Ia meminta pihak berwenang turun tangan memeriksa mekanisme penyaluran BBM subsidi di SPBU Kobisonta, termasuk kemungkinan adanya penyalahgunaan oleh pihak tertentu.
Warga tersebut juga menyoroti keberadaan pedagang BBM eceran menggunakan pom mini di sepanjang jalan.
“Kita tidak tahu isinya minyak apa di dalam dispenser. Bisa saja mereka jual minyak Pertalite, tetapi disebut minyak Pertamax dan sengaja menaikkan harga sampai Rp19 ribu per liter,” ujarnya.
Pengelola SPBU: Semua Kendaraan Menggunakan Barcode Resmi
Penanggung jawab SPBU Kobisonta, Exzel Rino, mengatakan pihaknya memang kesulitan mendeteksi kendaraan yang melakukan pembelian berulang karena jumlah kendaraan yang datang cukup banyak.
Menurut dia, setiap kendaraan roda empat yang membeli BBM subsidi menggunakan barcode resmi.
“Kami tidak bisa deteksi mana yang tap dan tidak, karena semua menggunakan barcode yang resmi,” kata Exzel saat dikonfirmasi.
Ia menjelaskan, ketentuan pembelian BBM subsidi yang diterapkan saat ini masih membatasi pembelian untuk mobil sebanyak 40 liter, sedangkan sepeda motor 7 liter. Untuk kendaraan roda empat, pembelian Pertalite diwajibkan menggunakan barcode.
Exzel juga mengatakan tingginya permintaan menjadi salah satu faktor yang membuat pasokan Pertalite di wilayah tersebut cepat habis. Kenaikan harga Pertamax, menurut dia, membuat sebagian konsumen beralih menggunakan BBM bersubsidi.
“Untuk kuota distribusi minyak subsidi Pertalite di wilayah ini memang tidak cukup. Karena Pertamax naik harga, konsumen semua beralih ke minyak murah,” ujarnya.
Terkait kebutuhan nelayan, Exzel membenarkan bahwa SPBU Kobisonta belum memiliki kuota khusus BBM subsidi untuk nelayan.
“Untuk nelayan kuotanya memang tidak ada.

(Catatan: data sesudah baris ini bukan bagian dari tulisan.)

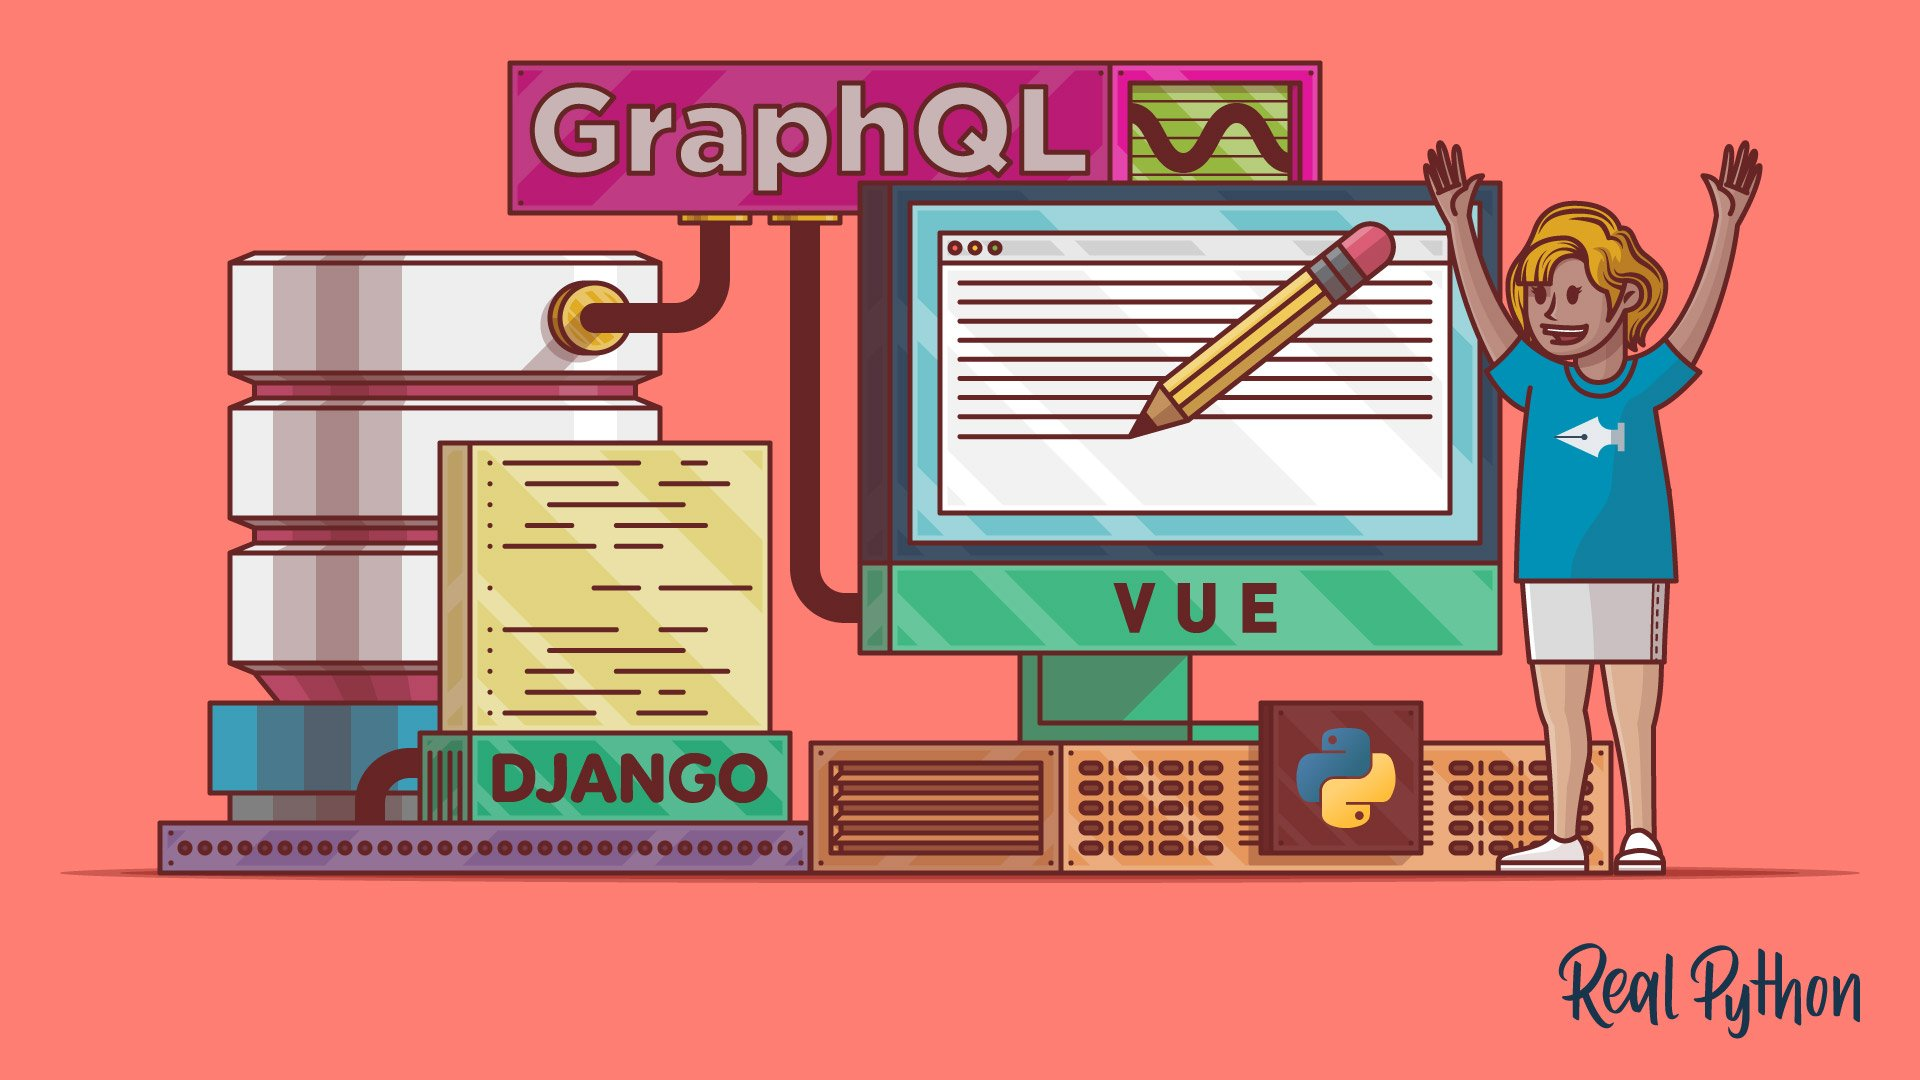 Build a Blog Using Django, Vue, and GraphQL

Tapi kami tetap melayani pembelian dari nelayan juga karena ada permintaan dari desa setempat untuk nelayan,” jelasnya.
Menurut Exzel, penyaluran BBM khusus nelayan membutuhkan SPBU atau fasilitas penyaluran khusus. Sementara di Kobisonta fasilitas tersebut belum tersedia.
SPBU Janji Perketat Pengawasan
Mengenai dugaan kendaraan membeli BBM subsidi secara berulang untuk kemudian dijual kembali, Exzel mengatakan pihaknya akan meningkatkan pengawasan di lapangan.

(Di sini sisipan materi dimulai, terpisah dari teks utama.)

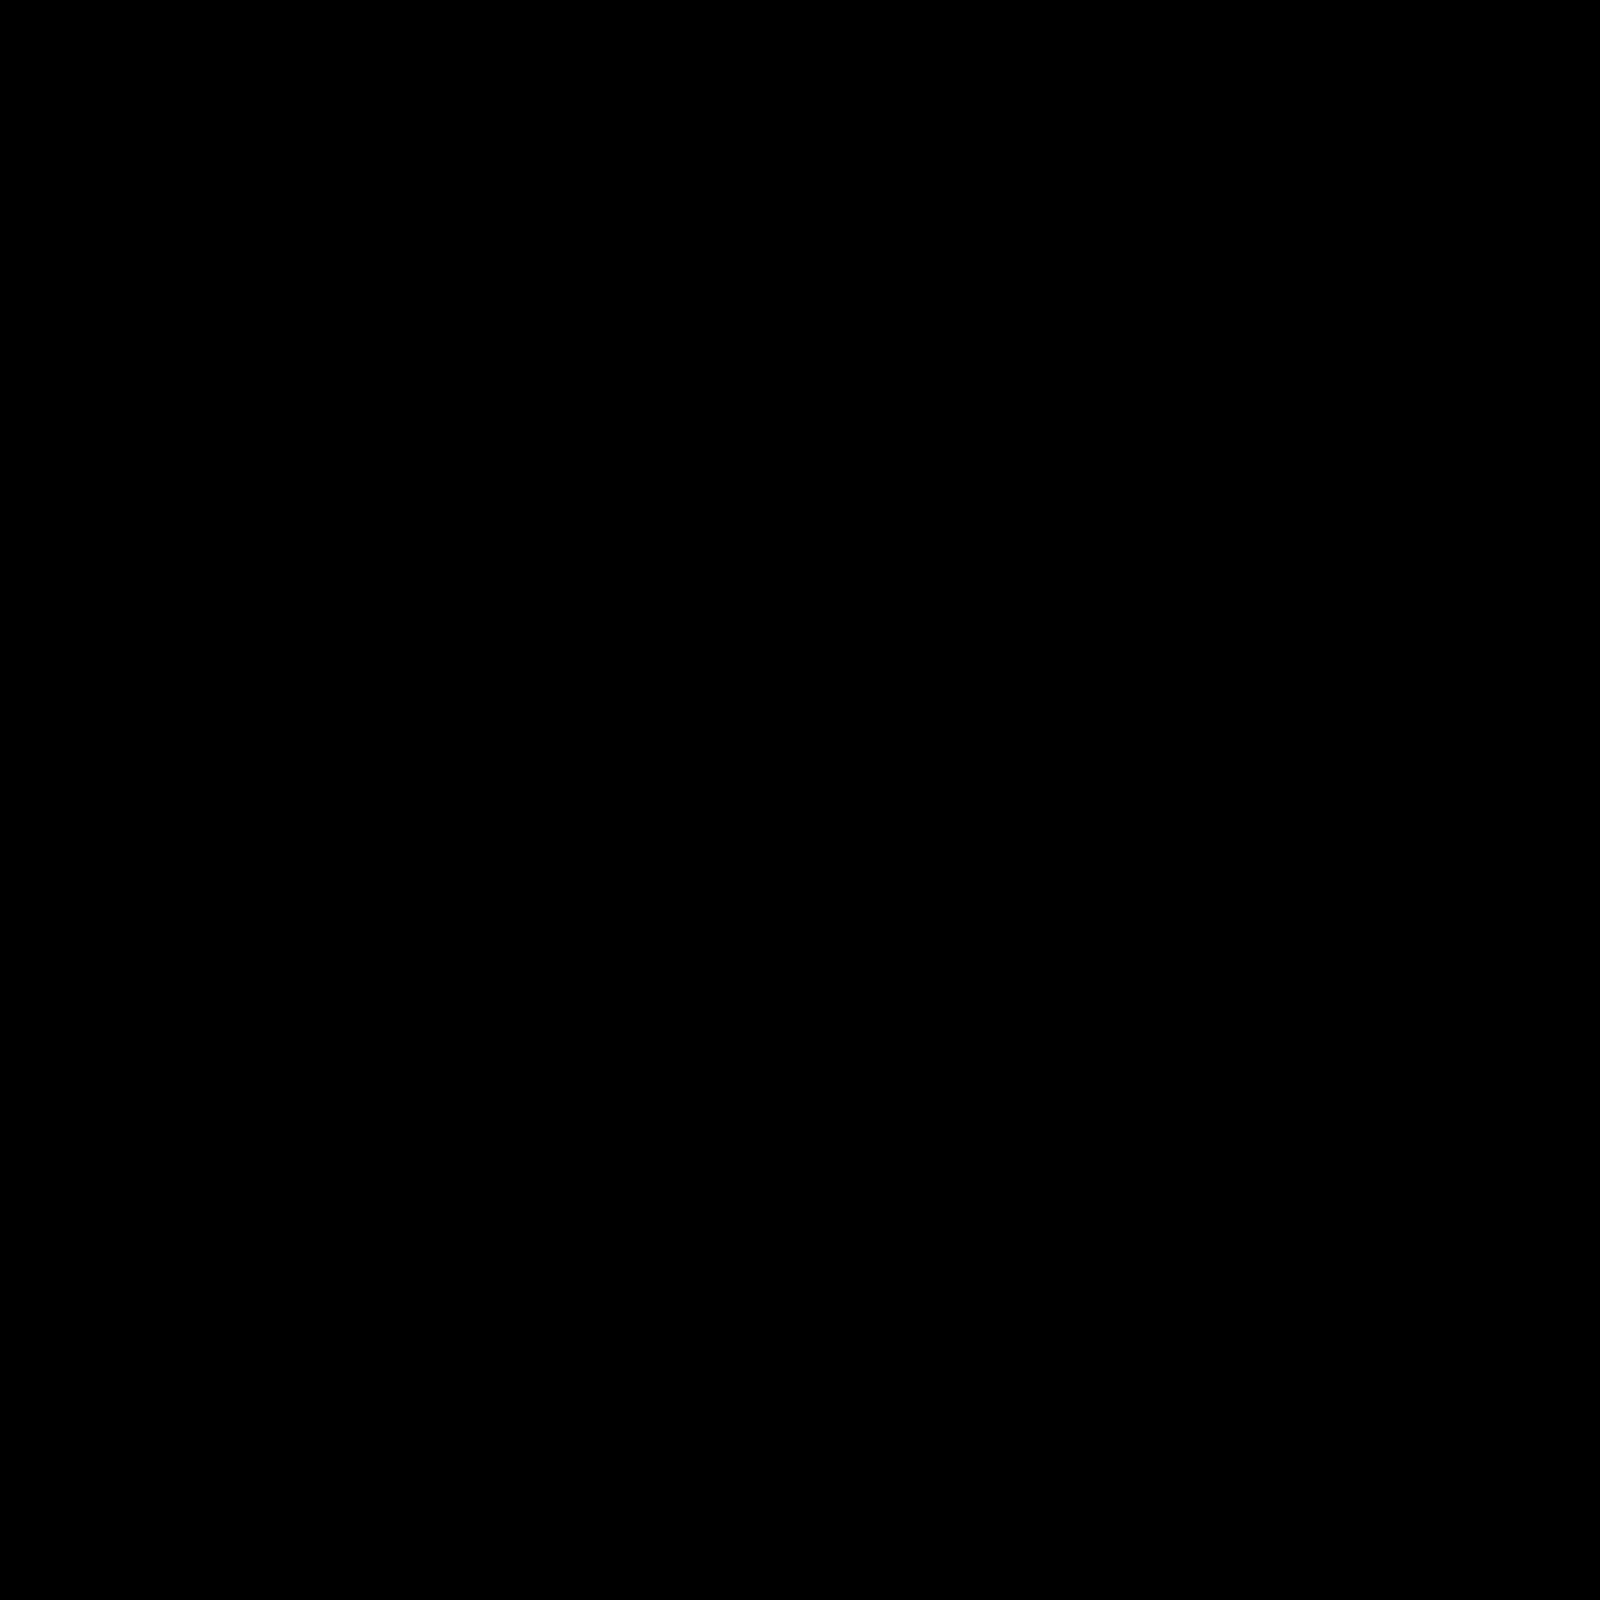 Logo Autocad PNG - 98150

Ia juga meminta masyarakat ikut melaporkan apabila menemukan kendaraan atau pihak tertentu yang diduga melakukan penyalahgunaan BBM subsidi.
“Kalau ada yang melihat dan menemukan oknum-oknum seperti itu, segera dilaporkan agar bisa ditindak,” katanya.

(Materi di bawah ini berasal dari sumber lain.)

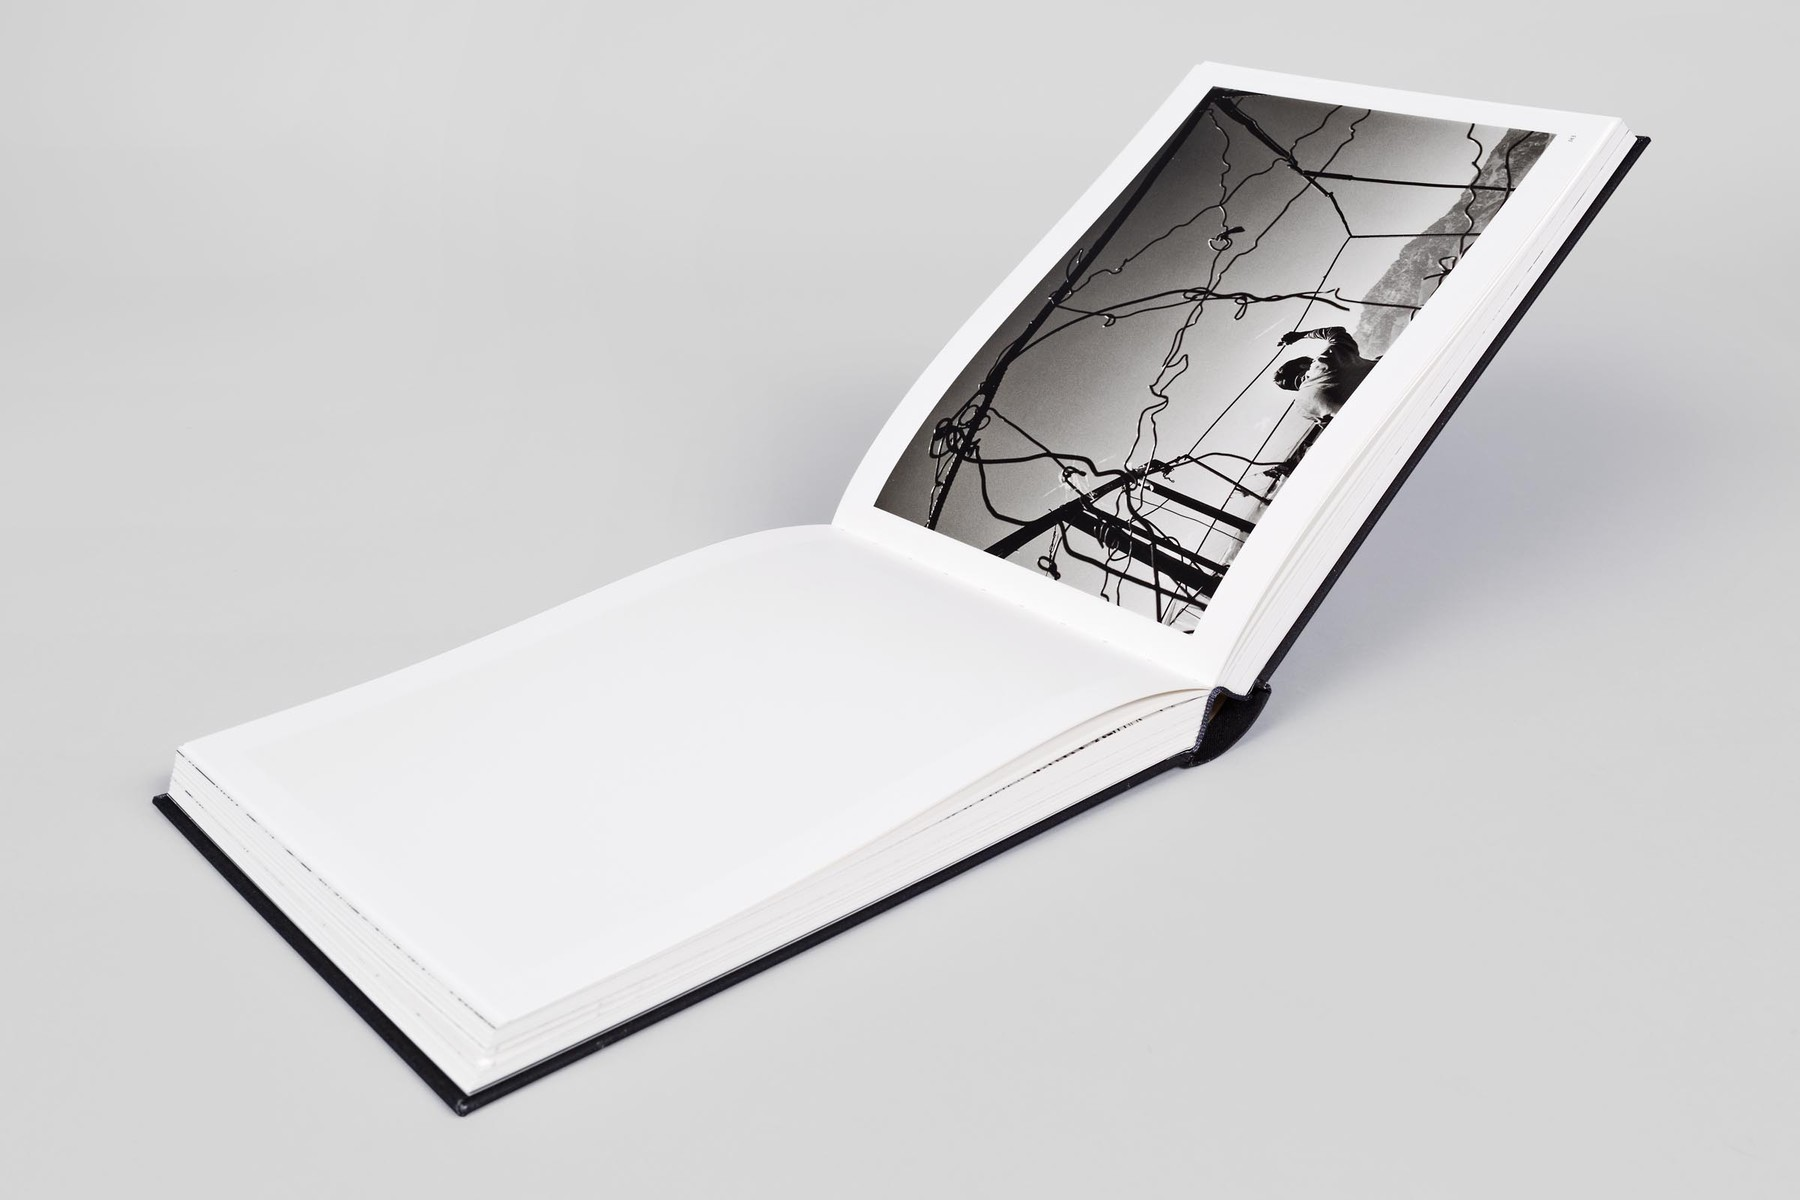 ivan-sigal-white-road-corcoran-gallery-of-art-004

Dengan adanya keluhan dari warga, nelayan, dan pengendara, persoalan kelangkaan Pertalite di Kobisonta tidak hanya menyangkut ketersediaan stok, tetapi juga menyentuh mekanisme pengawasan dan ketepatan sasaran distribusi BBM subsidi.
Masyarakat berharap pengawasan tidak berhenti pada pemeriksaan barcode, tetapi juga memastikan BBM bersubsidi tidak dibeli berulang untuk kepentingan perdagangan kembali.
Penyalahgunaan BBM bersubsidi dengan cara membeli untuk kemudian diperjualbelikan kembali dapat berhadapan dengan ketentuan pidana sebagaimana diatur dalam peraturan perundang-undangan terkait kegiatan usaha minyak dan gas bumi.